Earlier this year, 11 national funding organizations across Europe — which together back about $8.8 billion worth of research a year — announced that, by 2020, all of the research funded from their pockets must be published in fully open access journals.
Grantees of those organizations will be forbidden from publishing in the likes of Nature, Science, and Cell unless those journals change their business model.
The funding policy, called Plan S, is far more aggressive than anything in the U.S (and has been met with controversy). But for some, it is an inspiration — a glimmer, a whisper, that things are changing.
And joining that chorus are recent moves by Germany and Sweden, who, this summer, cut themselves off from publisher Elsevier after its failure to negotiate.
“The idiocy of the current system — its inefficiency and its offensiveness to the core values of scientific openness and dissemination — should spell its demise,” Moore said. “And it will, eventually, but the future is taking too long to arrive.”
Meanwhile, six UC campuses have signed on to OA2020 — an international effort to build momentum for a global transition, with signatories declaring they will move money away from closed publishing and toward support for open access.
“Various things have happened in the past few years that have brought us to the point where we think we can accelerate progress,” MacKie-Mason said. “Research institutions across the world believe that the time has come.”
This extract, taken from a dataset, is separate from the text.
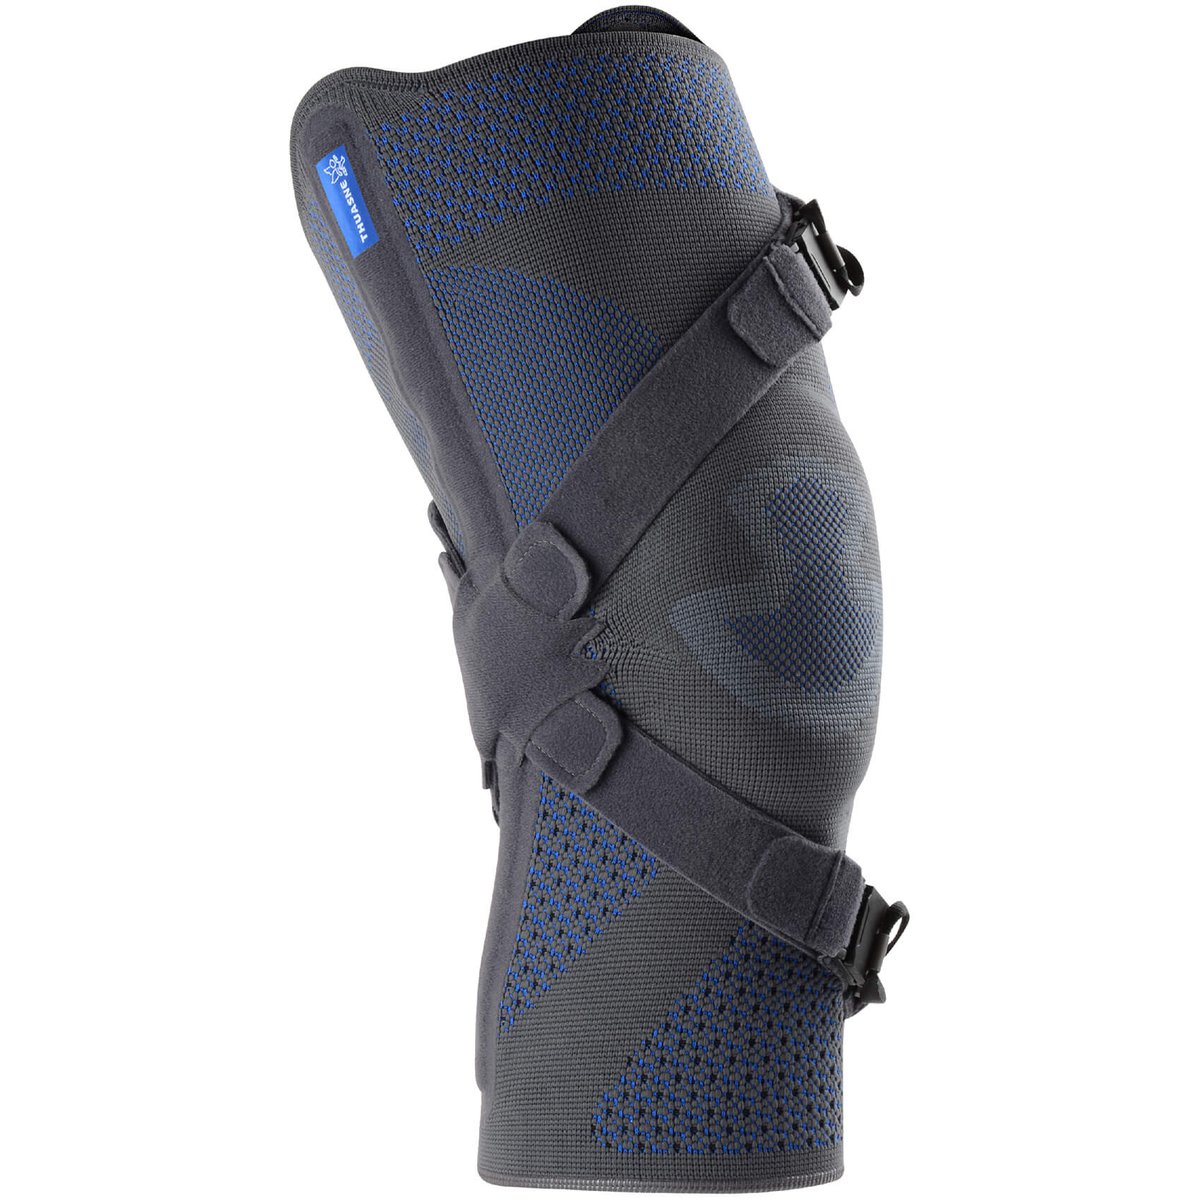 Innovative New Knee Brace Already Showing Fantastic Results Orthopaedic  Product News

Guided by that light, the UC Libraries and the California Digital Library have recently entered a round of negotiations with several publishers, including Elsevier. The UC is taking a stronger stance than in previous years, mandating that all UC scholarship be published open access.
And, for hybrid journals — publications that are subscription-based but will run articles open access if processing fees are covered — the UC Libraries will push for reduced subscription fees. As it stands, publishers collect money from subscriptions on top of article processing fees, an unsavory technique known as “double-dipping.”
“Every time we pay for an article to be open access (in hybrid journals), we should get an offset in the subscription price,” said Eric Baković, the linguistics professor at UC San Diego.
The idea of offsetting subscription prices is one of 18 conditions put forth by the University Committee on Library and Scholarly Communication, or UCOLASC, a body that includes faculty from all 10 campuses.
In its Declaration of Rights and Principles, the group outlined negotiating points for the UC Libraries, including no transfer of copyright; no delay for sharing work in eScholarship; no free labor (peer review by UC authors should be accounted for in subscription costs); and no limitations on author reuse of data, figures, or text.
“We find ourselves trapped in paying to sustain a broken system that we have been outspokenly trying to change,” wrote Richard Schneider, UCOLASC chair and UC San Francisco professor of orthopedic surgery. “With this in mind, our faculty, our librarians, and our administrators have begun to speak with one voice and insist that we as an institution put our money where our mouth is.”
The UC, in fact, has substantial bargaining power to bring to the table. The UC produces about 10 percent of all peer-reviewed scientific articles in the U.S., noted MacKie-Mason. And there are about 500 UC faculty members currently serving on editorial boards for Elsevier alone.
“That’s a lot — it’s huge,” MacKie-Mason said. “And without those articles, the publishers have nothing.”